A decline in the number of U.S. Catholic schools reflects a demographic shift of where Catholics live more than a decline in the demand for Catholic education, the Center for Applied Research in the Apostolate in Washington, D.C., concluded in a 2006 survey.
CARA researchers linked the closure of 339 Catholic schools in the five years before the survey to the dynamic that “Catholic people move, schools don’t.”
The closure of two Catholic schools in the Archdiocese of Minneapolis-St. Paul, announced last month, illustrated the trend. School officials cited low enrollment and rising debt. One school faced a dramatic change in neighborhood demographics, with a resulting drop in enrollment and donations and a rise in financial need.
In the Archdiocese of San Francisco, a 2009 consultant’s draft report for the Department of Catholic Schools put it this way: “A great concern for all schools is the declining presence of the middle class, heretofore the ‘backbone’ of the Catholic School.”

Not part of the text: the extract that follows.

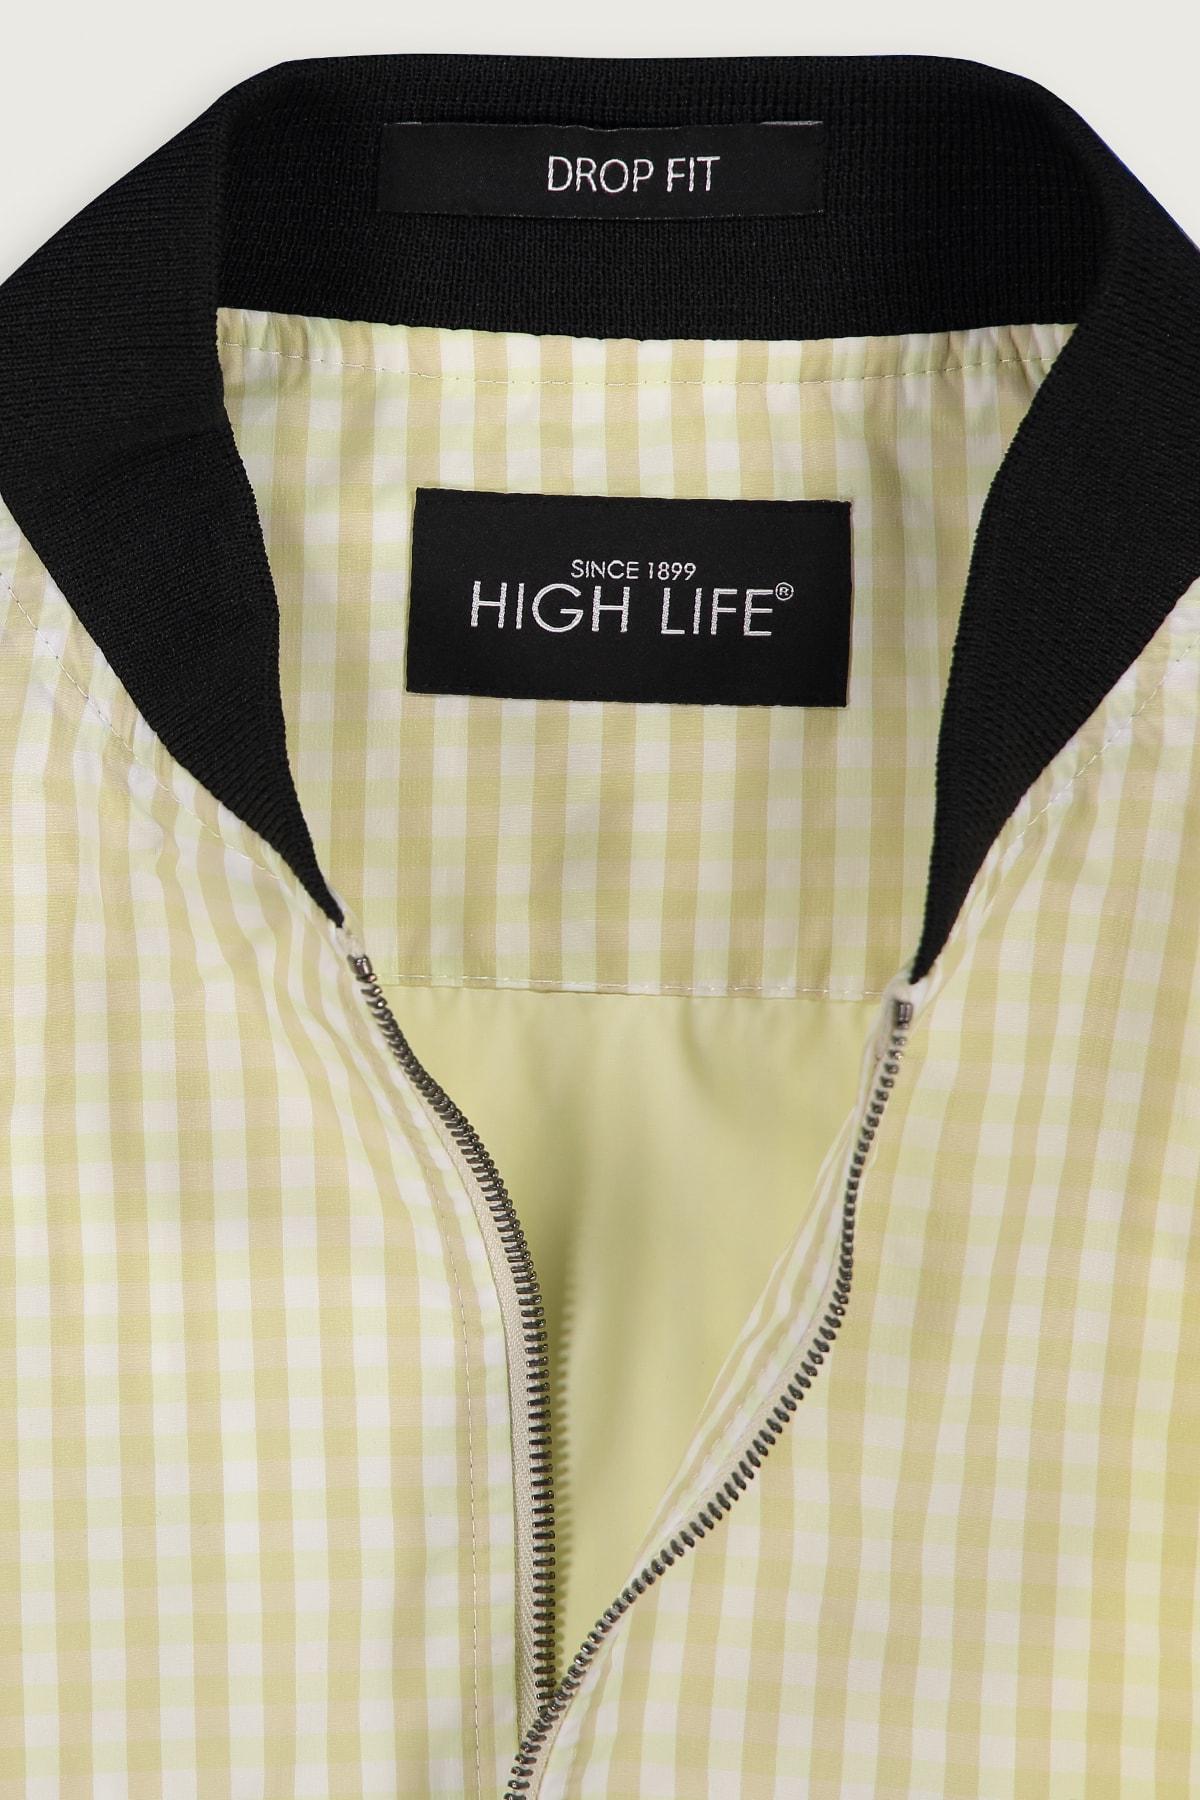 Chamarra High Life corte Slim, amarilla con Rayas a contraste.

K-12 enrollment in in the archdiocesan schools was 25,186 in September, down 1,836 from five years earlier.
K-8 enrollment in Catholic elementary schools within the Archdiocese of San Francisco fell by 361 students from September 2008 to September 2009, a drop of more than 2 percent in the midst of a severe recession. Nonetheless, this percentage drop in the number of students was less than that seen in other northern California dioceses. A number of other archdiocesan K-8 schools have enrollment below 200, but many have resources that St. Elizabeth lacks.
“Because a school is under 200 doesn’t mean it’s vulnerable to close,” Huntington said. “There are a whole bunch of other factors that contributed to St. Elizabeth that aren’t factors at other schools.
“Why would you close a school that was able to manage on its own?”
By Rick DelVecchio
From March 5, 2010 issue of Catholic San Francisco.